Pujo-Pay M.,French National Center for Scientific Research |
Pujo-Pay M.,University Pierre and Marie Curie |
Conan P.,French National Center for Scientific Research |
Conan P.,University Pierre and Marie Curie |
And 10 more authors.
Biogeosciences | Year: 2011
This paper provides an extensive vertical and longitudinal description of the biogeochemistry along an East-West transect of 3000 km across the Mediterranean Sea during summer 2008 (BOUM cruise). During this period of strong stratification, the distribution of nutrients, particulate and dissolved organic carbon (DOC), nitrogen (DON) and phosphorus (DOP) were examined to produce a detailed spatial and vertically extended description of the elemental stoichiometry of the Mediterranean Sea. Surface waters were depleted in nutrients and the thickness of this depleted layer increased towards the East from about 10 m in the Gulf of Lion to more than 100 m in the Levantine basin, with the phosphacline deepening to a greater extent than that for corresponding nitracline and thermocline depths. We used the minimum oxygen concentration through the water column in combination with 2 fixed concentrations of dissolved oxygen to distinguish an intermediate layer (Mineralization Layer; ML) from surface (Biogenic Layer; BL), and deep layers (DL). Whilst each layer was represented by different water masses, this approach allowed us to propose a schematic box-plot representation of the biogeochemical functioning of the two Mediterranean basins. Despite the increasing oligotrophic nature and the degree of P-depletion along the West to East gradient strong similarities were encountered between eastern and western ecosystems. Within the BL, the C:N:P ratios in all pools largely exceeded the Redfield ratios, but surprisingly, the nitrate vs. phosphate ratios in the ML and DL tended towards the canonical Redfield values in both basins. A change in particulate matter composition has been identified by a C increase relative to N and P along the whole water column in the western basin and between BL and ML in the eastern one.
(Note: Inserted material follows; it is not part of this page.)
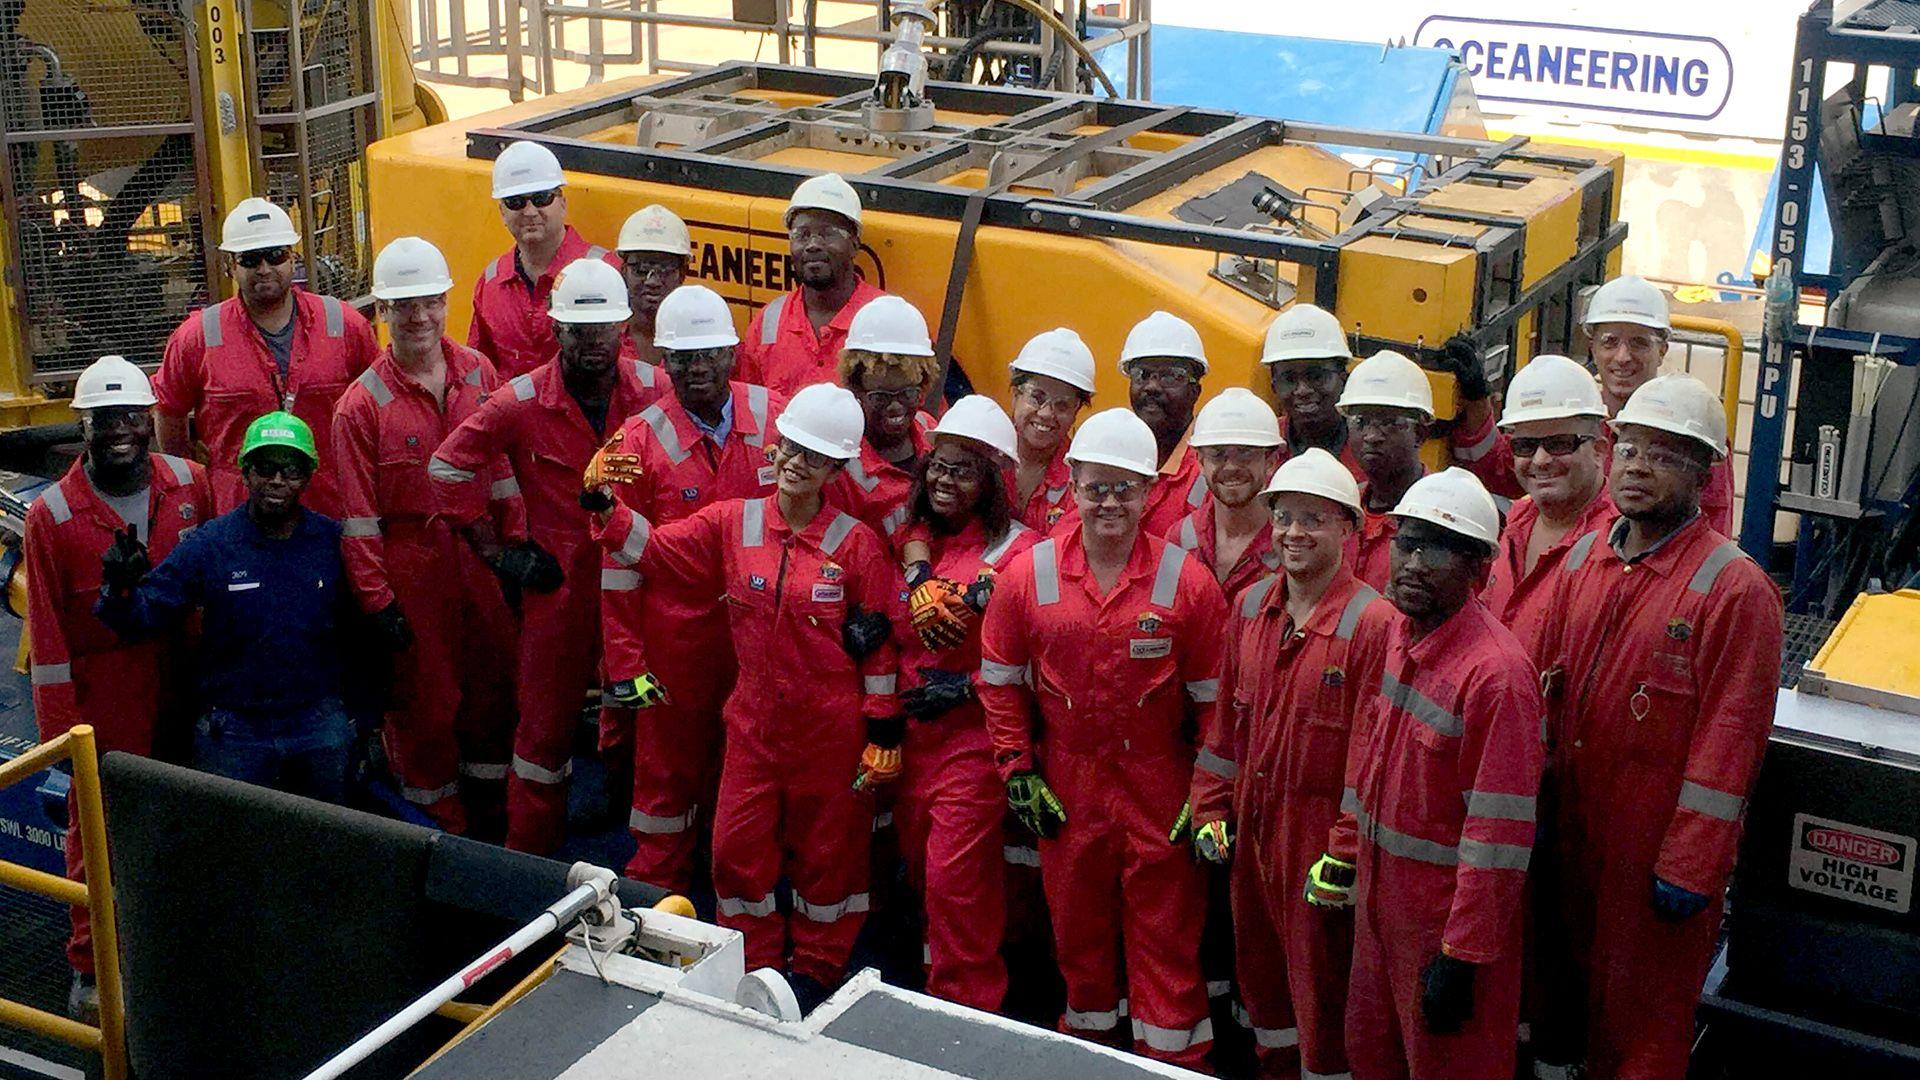 A multinacional americana líder de prestação de serviço de engenharia no setor offshore da indústria de óleo e gás Oceaneering busca hoje por técnicos para Macaé

Our data showed a noticeable stability of the DOC:DON ratio (12-13) throughout the Mediterranean Sea. This is in good agreement with a P-limitation of microbial activities but in contradiction of the accepted concept that N is recycled faster than C. The western and eastern basins had similar or close biological functioning. Differences come from variability in the allochtonous nutrient sources in terms of quantity and quality, and to the specific hydrodynamic features of the Mediterranean basins. © Author(s) 2011.